Narcissist "unhappy"

Narcissist "unhappy" manifests itself differently than Narcissus "beloved", but the gap between external confidence and low self-esteem remains unchanged. The indulgence of one's desire to receive comfort from Narcissus "unfortunate" is stronger than the unshakable arrogance of Narcissus "beloved".

He can describe in detail how the doctor assured him that he had never seen such a severe manifestation of carpal tunnel syndrome before. Moreover, even talking about health problems, he manages to be self-centered and narcissistic.

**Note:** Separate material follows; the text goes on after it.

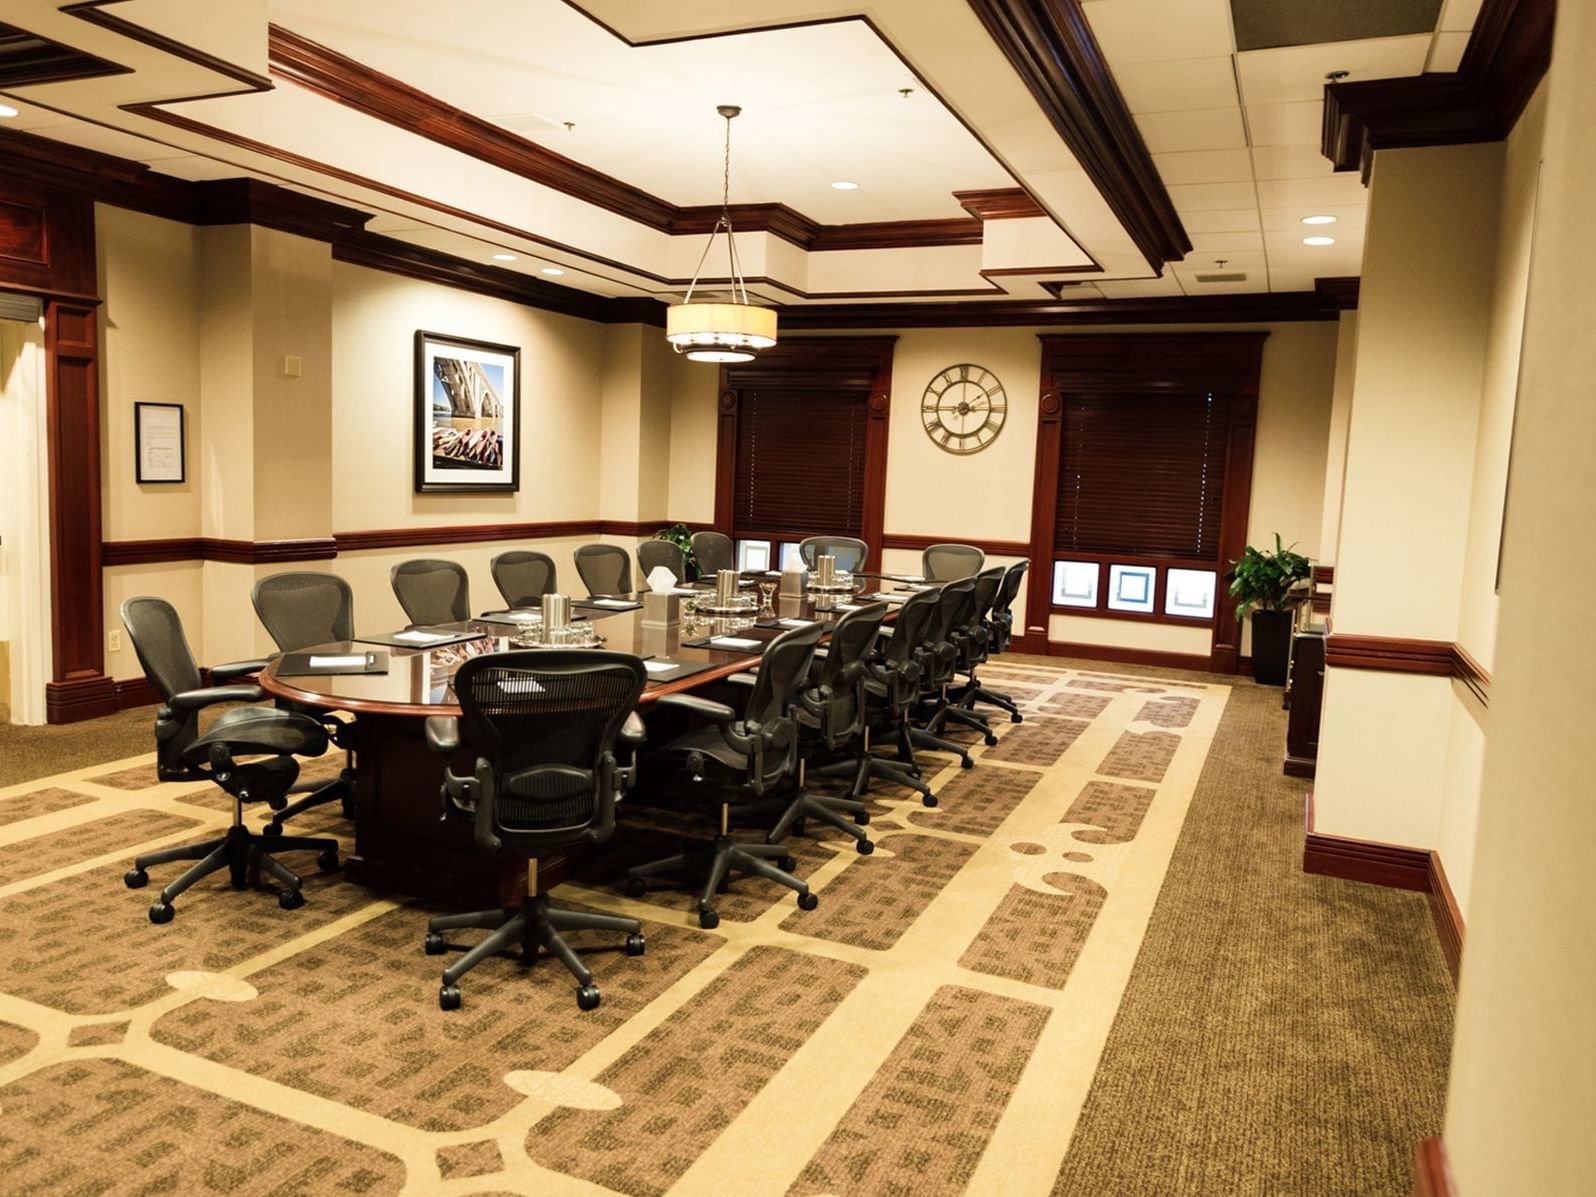 conference table in spacious room with carpet

The “unhappy” narcissist seeks approval by uniting people who are ready to support him. So he can remain popular, and his name is well known. And all in order to please people, to be loved and respected, to hear approvals that support his self-esteem.

The "impossible" narcissist

The "impossible" narcissist is simply unable to think of anything but himself. This type has an extremely low level of empathy. He always blames others for his troubles and considers himself right in everything. No interventions or life tests help him recognize his behavior patterns. Such people prefer either not to have relationships at all, or to continue them within well-defined boundaries. While other Narcissists may at times be aware of the deep roots of their insecurities, the "impossible" Narcissist doesn't even think about them. This is his self-defence. He guards his self-esteem by not allowing negative thoughts about himself. This defense mechanism does not allow him to perceive criticism and see his shortcomings, and therefore excludes the desire to correct them. If you have an “impossible” Narcissus in your team, then it is unlikely that he will stay for a long time. The depth of his problem does not allow him to gain a foothold in the workplace.